A Maria de Fátima, da Vila Prudente, me enviou a seguinte dúvida: “Padre, se dizem que a voz do povo é a voz de Deus, como explicar que o povo tenha mandado crucificar Jesus, como a gente ouve no relato da Paixão de Cristo?”
Esta pergunta é muito interessante. De fato, quando a gente lê na Bíblia aquele povão pedindo a Pilatos que crucifique Jesus, a gente lembra deste dito popular que afirma que a voz do povo é a voz de Deus e nos perguntamos: “Uai! Como a voz de Deus iria querer um julgamento tão injusto daqueles que acabou com a condenação de um inocente?”
De fato, a sabedoria popular afirma que a voz do povo é a voz de Deus. Mas há algumas condições para que esta voz seja voz de Deus. Veja só: se o povo é manipulado pela imprensa, por líderes loucos ou mal-intencionados, a voz dele deixa de ser a voz de Deus. Lembre-se que o mesmo povo que aclamou Jesus foi o mesmo que depois, manipulados pelos chefes dos judeus, pediu a crucifixão de Cristo.
Se o povo não se reúne e não se organiza para discutir seus problemas e depois exigir seus direitos, a gritaria dele ou a revolta ou o apelo à violência deixa de ser a voz de Deus.
A voz do povo que clama por justiça, que diz não à violência, que quer saúde, escola, educação é a voz de Deus. Já não pode ser de Deus a voz do povo que incitado por maus políticos, por gente sem compromisso com a vida pede a pena de morte, o aborto.
Deus nos criou pessoas livres e inteligentes, com a missão de crescer, multiplicar, dominar sobre as outras criaturas e viver em paz consigo mesmas, com o próximo e com o seu criador. Ele nos fez seres sociais. Se nos organizamos para o bem, estamos no caminho indicado por Deus e nossa voz é a voz de Deus. Se nos organizamos para o mal, contrariamos os planos de Deus e nossa voz não é mais a voz de Deus.
Por tudo isso, Maria de Fátima, nós precisamos ter muito cuidado com esta afirmação. Temos que entender a palavra “povo” como grupo de pessoas que querem caminhar juntos na paz, no amor, na solidariedade. Um grupo de pessoas que tem consciência dos seus direitos e dos seus deveres. Um grupo de pessoas que participa de tudo aquilo que se relaciona com a vida pessoal de cada um e com a vida em comum. Isso é povo. Nesse sentido podemos dizer que a voz do povo é a voz de Deus.

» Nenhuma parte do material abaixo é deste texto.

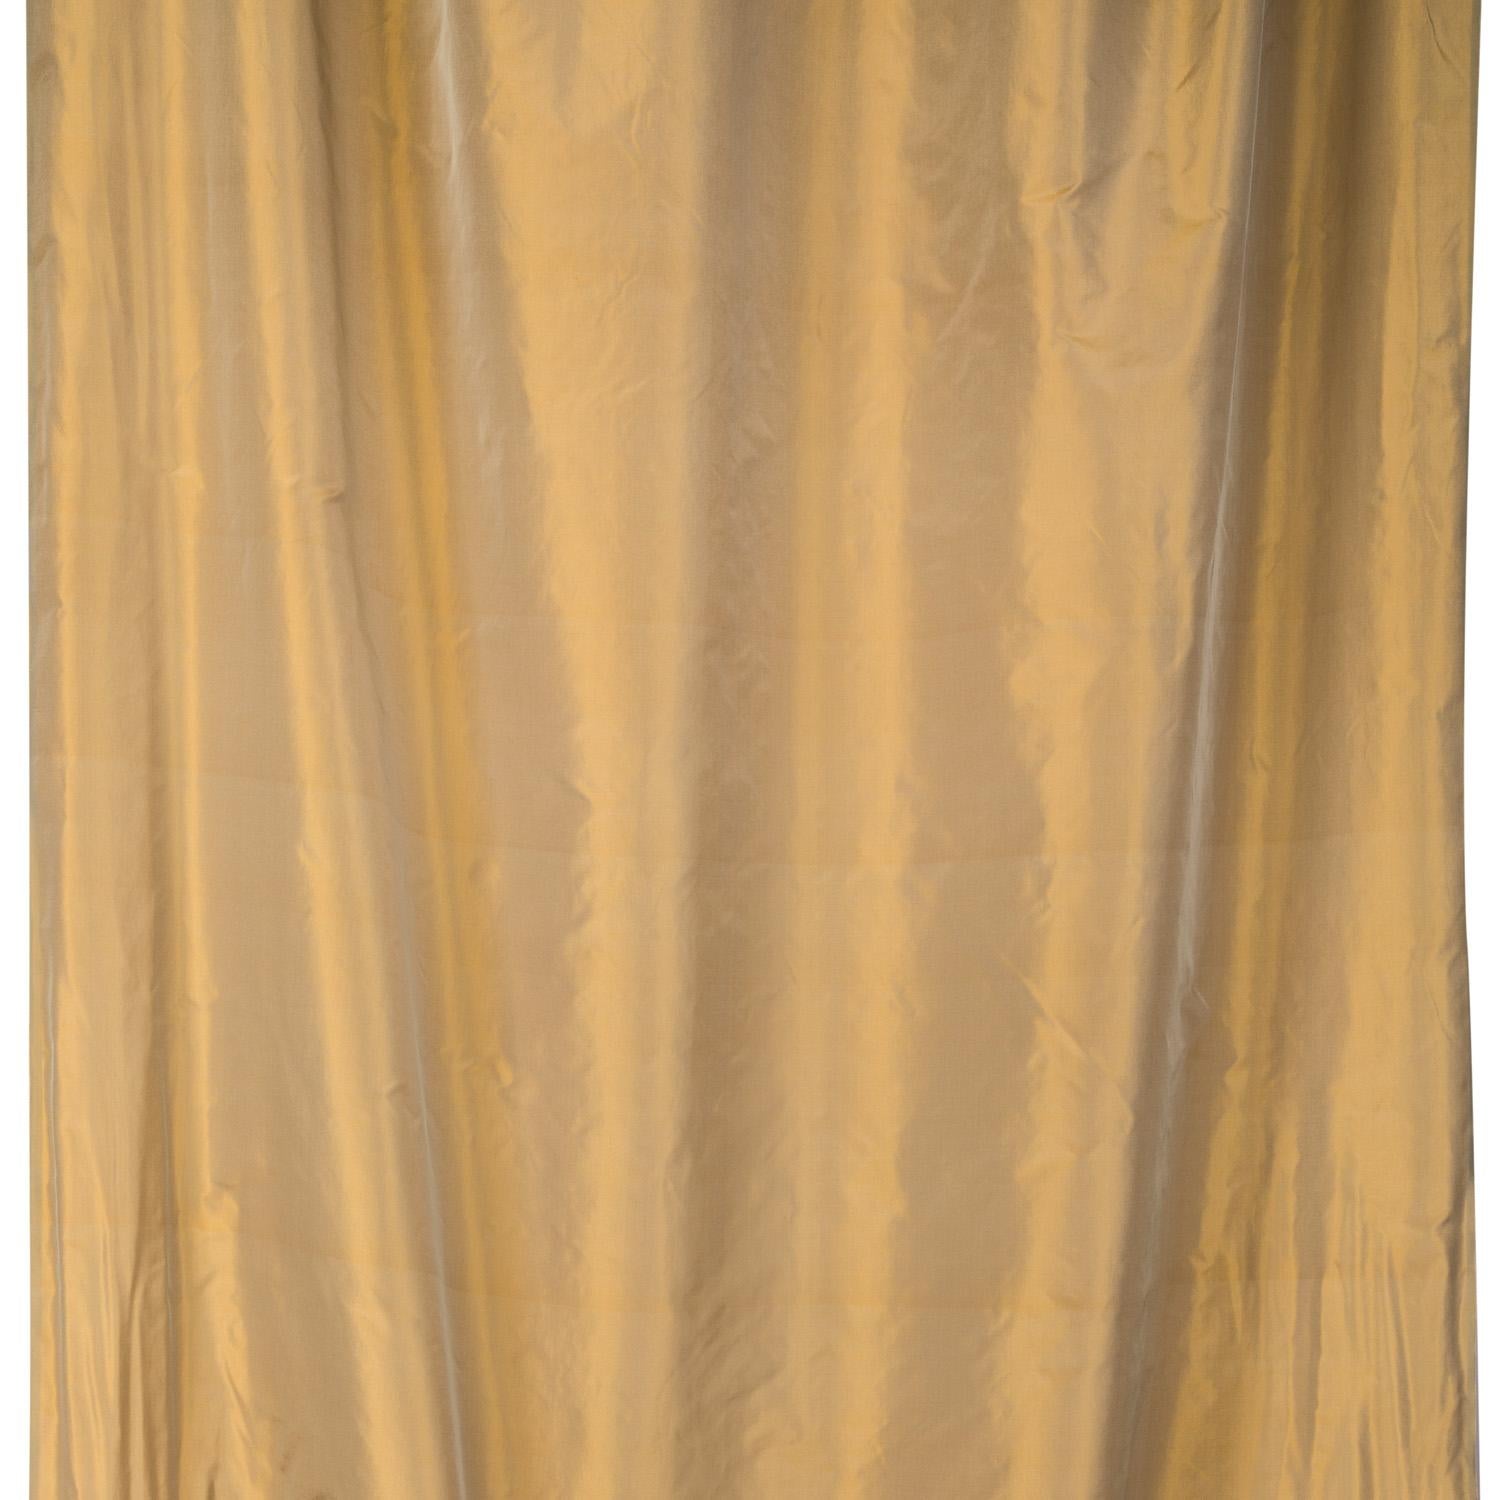 This is a semi mechanical Ermisino fabric, similar to a shot taffeta. It is woven on an original loom from the 1850s. The Ermisino fabric belongs to the Antico Setificio Fiorentino archives. This fabric can be used for light upholstery such as

Agora o aglomerado de pessoas sem consciência, sem liberdade, que vai na onda, que não tem vontade própria, que aceita ser explorado, que não discute, não questiona, não coloca em comum suas alegrias e dores, que não soma forças para transformar a realidade em que vive, isso não é povo nem sua voz é a voz de Deus.
Será que me fiz entender, Maria de Fátima?
Volto a insistir: no julgamento de Cristo não foi a voz do povo que prevaleceu, foi a voz de uma massa sem vontade própria manipulada pelos que queriam matar a Jesus. A verdadeira voz do povo, dos pequenos, dos sofridos, daqueles a quem Jesus curou, foi calada naquele processo iníquo.
Penso, as vezes, que a própria Igreja Católica tem uma visão romanceada, fantasiada do “povo”.
Uma das definições dadas pelo dicionário de língua portuguesa para povo, e talvez a mais ampla, seja: conjunto de pessoas, ajuntamento de pessoas, multidão.
O fato é que nesta multidão há pessoas boas e ruim. Pessoas de boa educação e extremamente inconvenientes. Nem tudo é manipulação das massas (aqui pode-se entar uma reflexão sobre livre-árbitro). Há pessoas boas e ruins que formam o ajuntamento, o povo.